Hapif telah mengajukan permintaan visum atas insiden ini. Namun, ia mengaku lebih menyayangkan dugaan aksi intimidasi yang dilakukan Ketua Yayasan terhadap Asisten Lapangan dan Ahli Gizi yang bekerja di dapurnya.
"Kalau di hasil visum menunjukkan leher saya merah (memar) centimeter. Bagian belakang tidak ada bengkak, cuma pas saat kejadian kepala saya pusing selama dua hari. Saat insiden itu, saya sangat menyayangkan bahwa Ahli Gizi saya sama Asisten Lapangan saya turut diintimidasi sebagaimana yang ada di dalam video viral itu," beber Hapif.
3. Imbas dugaan penganiayaan, aktivitas SPPG dan penyaluran MBG dihentikan sementara

Imbas dari insiden ini, Hapif menyayangkan bahwa aktivitas di Dapur SPPG harus ditangguhkan sementara. Artinya, penyaluran MBG di sekolah-sekolah pun terpaksa berhenti.
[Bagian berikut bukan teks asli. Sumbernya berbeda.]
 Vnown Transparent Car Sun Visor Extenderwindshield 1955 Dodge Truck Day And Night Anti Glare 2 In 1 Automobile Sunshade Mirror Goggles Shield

"Status saya masih Kepala SPPG. Namun dapur sementara disanksi sampai masalah ini selesai. Tanggal 6 April kemarin baru keluar surat suspend-nya. Namun sejak tanggal 2 April Yayasan sudah menutup sepihak. Terkait kasus ini, Kepala KPPG katanya sudah melapor ke pusat juga. Tinggal tunggu tindakan dari pusat," ucap Hapif.
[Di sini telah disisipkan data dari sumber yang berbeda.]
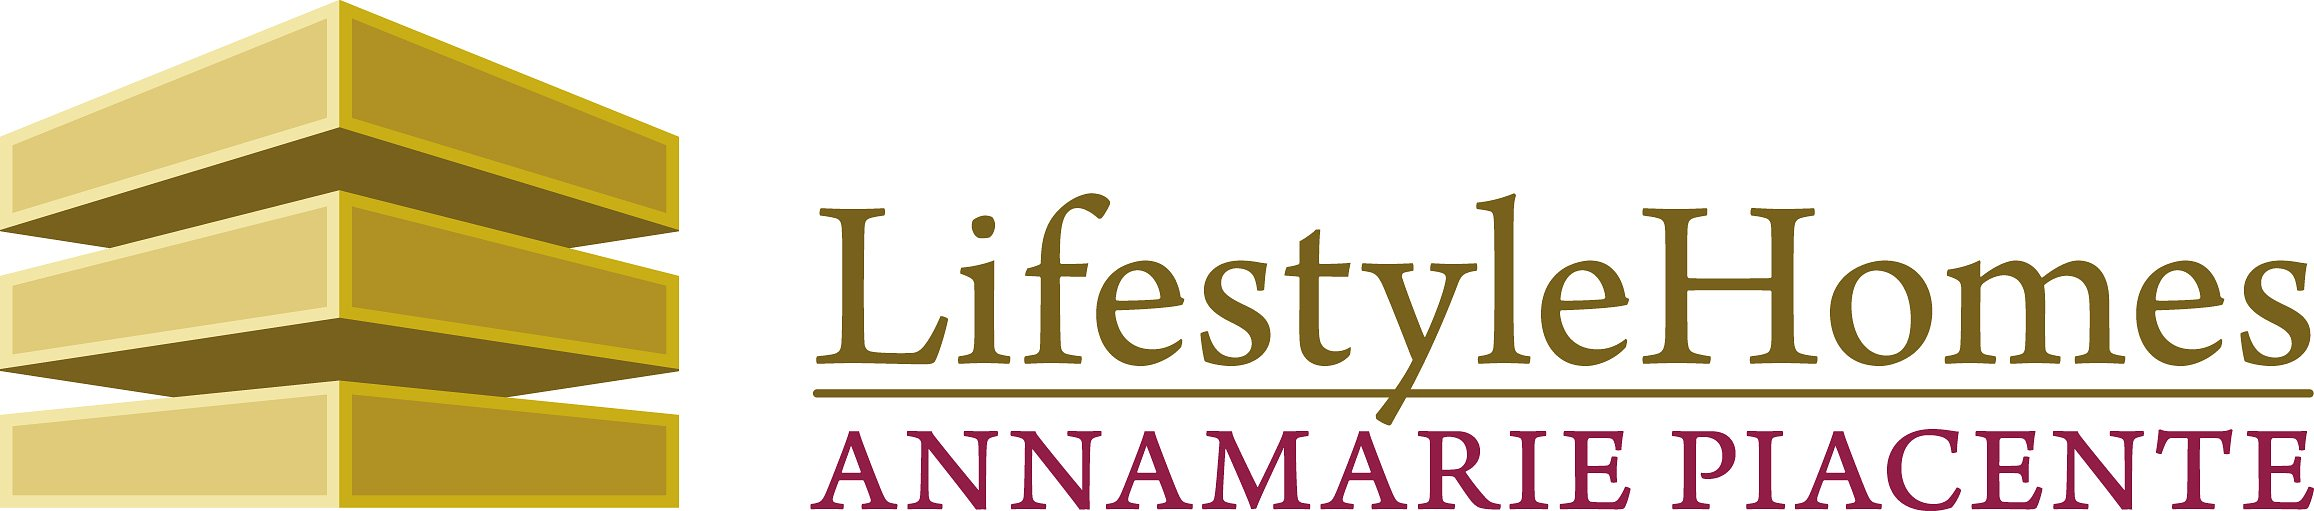 LifestyleHomes Annamarie Piacente AG

Dapur SPPG yang dikepalainya sudah beroperasi selama lebih dari 2 bulan. Selama ini, mereka menyalurkan MBG ke 14 sekolah dan 2 posyandu dengan total penerima manfaat mencapai 2.500 orang lebih.
"Dengan adanya kasus ini jelas sangat mengganggu. Jujur saya kasihan dengan para penerima manfaatnya. Kalau lama ditindaklanjuti, kasihan juga dengan mereka dan mitra," tuturnya.
Sementara itu Kapolsek Medan Area, Kompol Ainul Yaqin, membenarkan bahwa korban telah membuat laporan polisi. Dan kini pihaknya tengah memeriksanya.
"Masih diproses dan kami juga menunggu hasil visum," pungkas Yaqin.